“I’m a cab sav girl,” says Canadian scientist Dr Susan Murch with a laugh when asked what wine she likes to drink. She’s also big on roots, shoots and secondary plant metabolism – the stage in a grape’s life when all the tasty flavor compounds develop.
Murch, who has studied wine grapes for more than a decade, is hard at work on a project that could yield some game-changers for the world of viticulture.
Her team at the University of British Columbia’s Okanagan campus has received nearly US$150,000 from the Canadian Southern Interior Development Initiative Trust to move ahead with a two-pronged project started in 2005 called “Biotechnology Resources for Improving Water Use Efficiency in Vineyards.”
Scientists are looking for tools that will help growers to minimize their water usage and manage intentional drought for grape quality. Deciding when not to water is one of the most essential elements of growing wine grapes, but part of successfully stressing a vine is knowing when the plant has had enough and really needs a drink.
“There is a very delicate happy medium between not having enough stress and having too much stress,” says Murch. A lack of water means that the vines have to dig deep to find nutrients – something that is considered desirable in wine-growing because results in smaller, more intensely flavored grapes and a higher sugar content. However, if the vines get too dry, the grapes don’t ripen properly and the yield is also affected.

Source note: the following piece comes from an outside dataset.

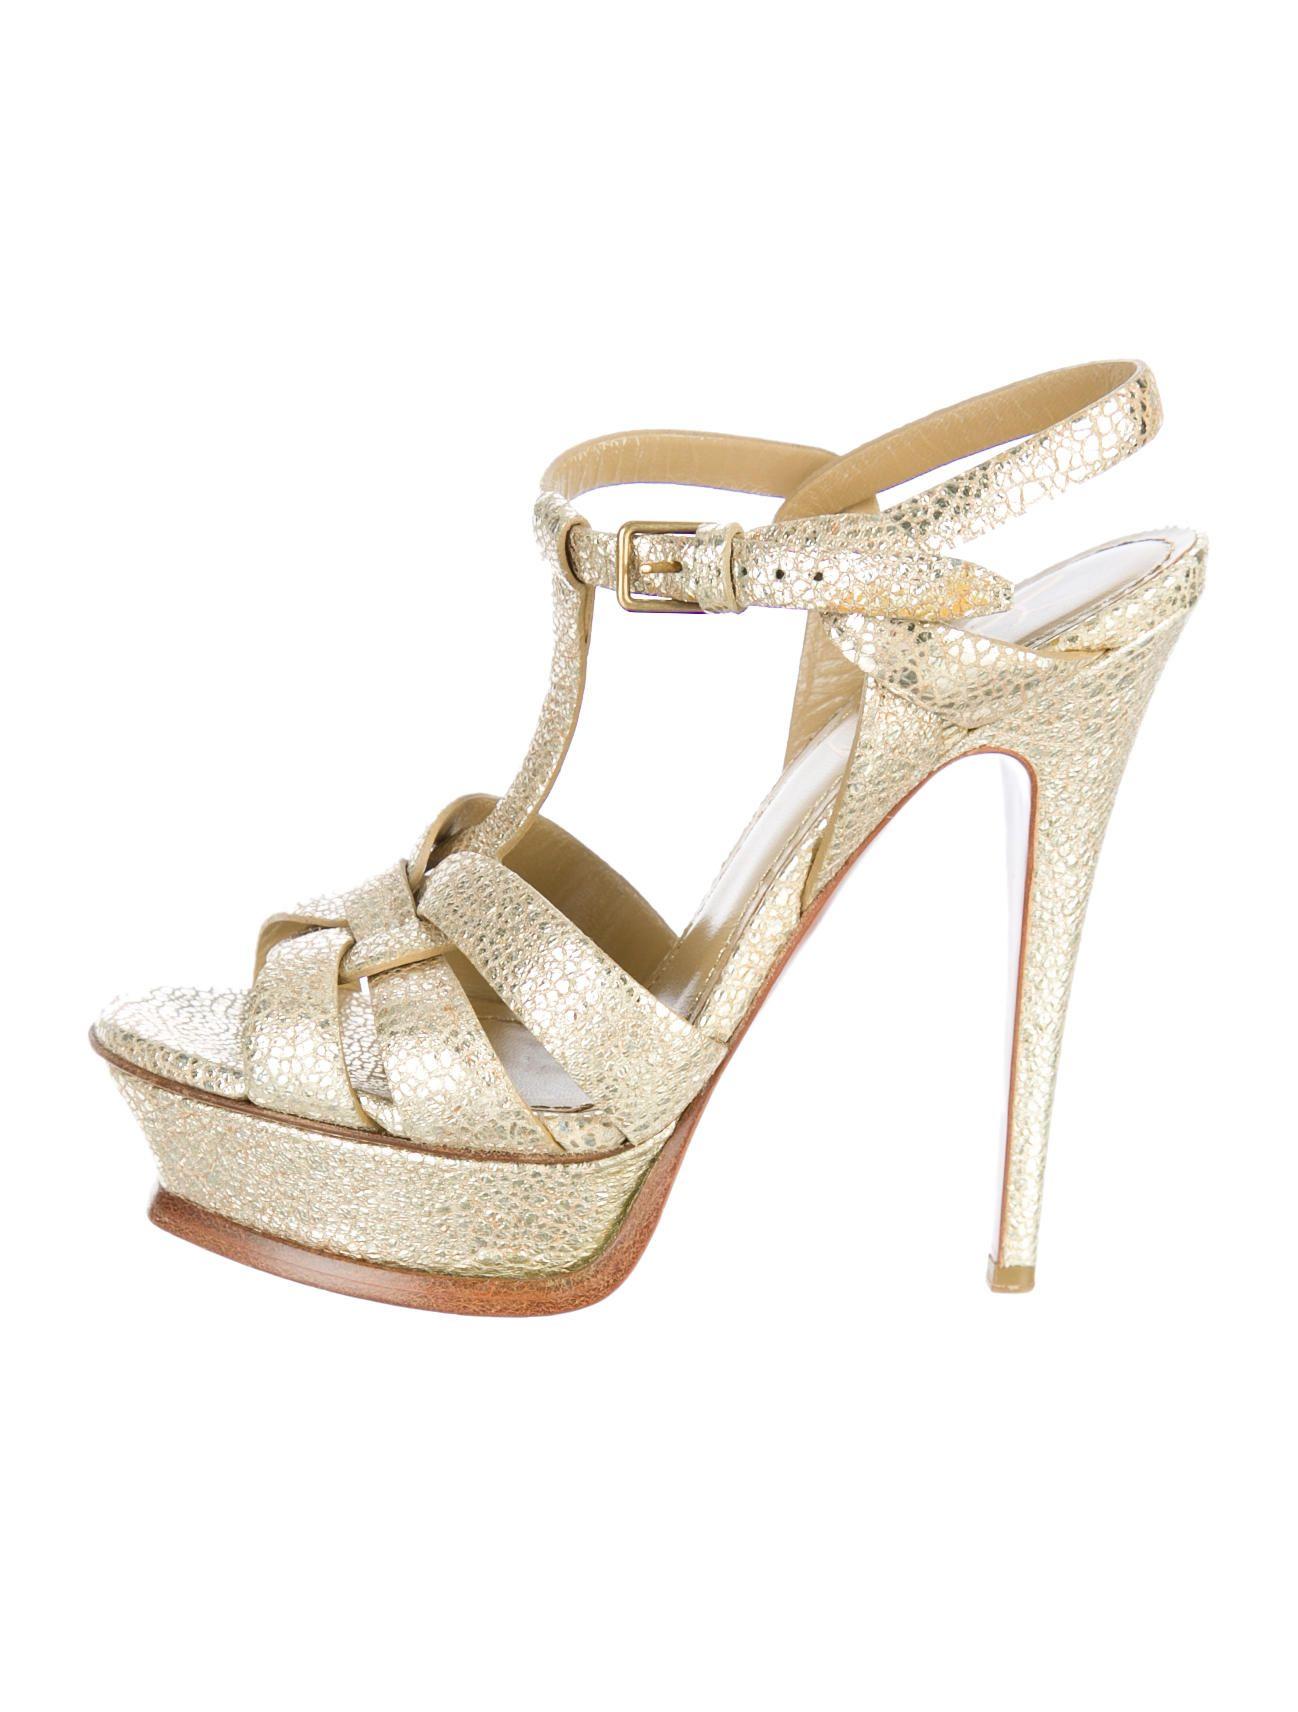 6889744d51e Yves Saint Laurent Metallic Tribute Sandals What I Want

If the first aspect of Murch’s research is successful, growers’ anxiety around deciding just how thirsty they want to make their plants – and for how long – could be solved by a check that’s as simple as a stick-test for pregnancy. “The idea is that it will be a test kit that any grower can use with the same expertise as that required for a pregnancy-test kit,” says Murch.
Her team have done genomic studies to identify proteins that are present in the leaves of a vine that is not getting enough water. The so-called stress metabolites serve as a “bio-marker.” The latest research funding offers the chance to create a commercial, farmer-friendly version of the test that can be easily used in vineyards. Knowing vines’ stress levels will aid in avoiding unnecessary or preventive watering and help vineyards with irrigation-management strategies that promote water conservation.
Dr Dong Wang, a researcher for the United States Department of Agriculture, says that “on the decision-making side, it doesn’t matter how you get the water on the field, you need to know when.”
Wang works on vineyard water strategies that combine remote sensing of evaporation with satellite images, local weather data and leaf temperature to manage irrigation. He says the department, together with the University of California network, is also investigating ways to identify “strategies for when to stress” the vines, since that is one of the most crucial moments for a viticulturist.
But it’s not only about when to water – it’s also about having plants that need less water in the first place. The second half of Murch’s project will involve work on developing a new collection of drought-tolerant rootstocks specifically for her local Okanagan Valley wine region, where water is in short supply.
The plan is to adapt existing varieties of rootstock through genetic work in the lab to create a stable of drought-tolerant options. The scientists are exploring different ways of doing that, including deeper root systems and plants’ hormonal responses to low soil moisture. Modifying rootstocks is common practice, though usually targeted at developing pest resistance. Effects on end flavors in the wine are expected to be minimal.
“We will also be looking at many of the potentially volatile flavor compounds as measures of the quality of the fruit and hope to find that the rootstock will support growth of a high-quality crop,” says Murch.
The common practice of grafting allows viticulturists to grow their preferred variety regardless of which rootstock they use. Murch’s prototypes, which will be organic, will be field-tested at two vineyards, including Summerhill Pyramid Winery in Kelowna, British Columbia, one of the most visited in Canada. Proprietor Stephen Cipes is excited to be part of the project. “We go around saying we want to save the planet, and if you say it, you have to do it,” he says. “We want to find ways to grow healthy plants that don’t use chemicals, and conserve water.”
Cipes is thinking of grafting either pinot noir onto the rootstocks if they decide to go with a red, or riesling and chardonnay if they choose a white.
The hope is that the new rootstocks will reduce water consumption by about 45%. Murch says her team expect that their findings will be useful to growers in drought-prone regions of Australia and California. The stocks could also prove beneficial for Old World heavyweights such as France, where irrigation for the production of wine is restricted as it’s regarded as interference with the natural conditions.
“One of the things about research,” says Murch, “is that you’re always surprised about the people who call you up and say, ‘Oh, we could use that.’”
The University of British Columbia says it expects that the rootstocks will have “strong commercialization potential and projected worldwide sales.”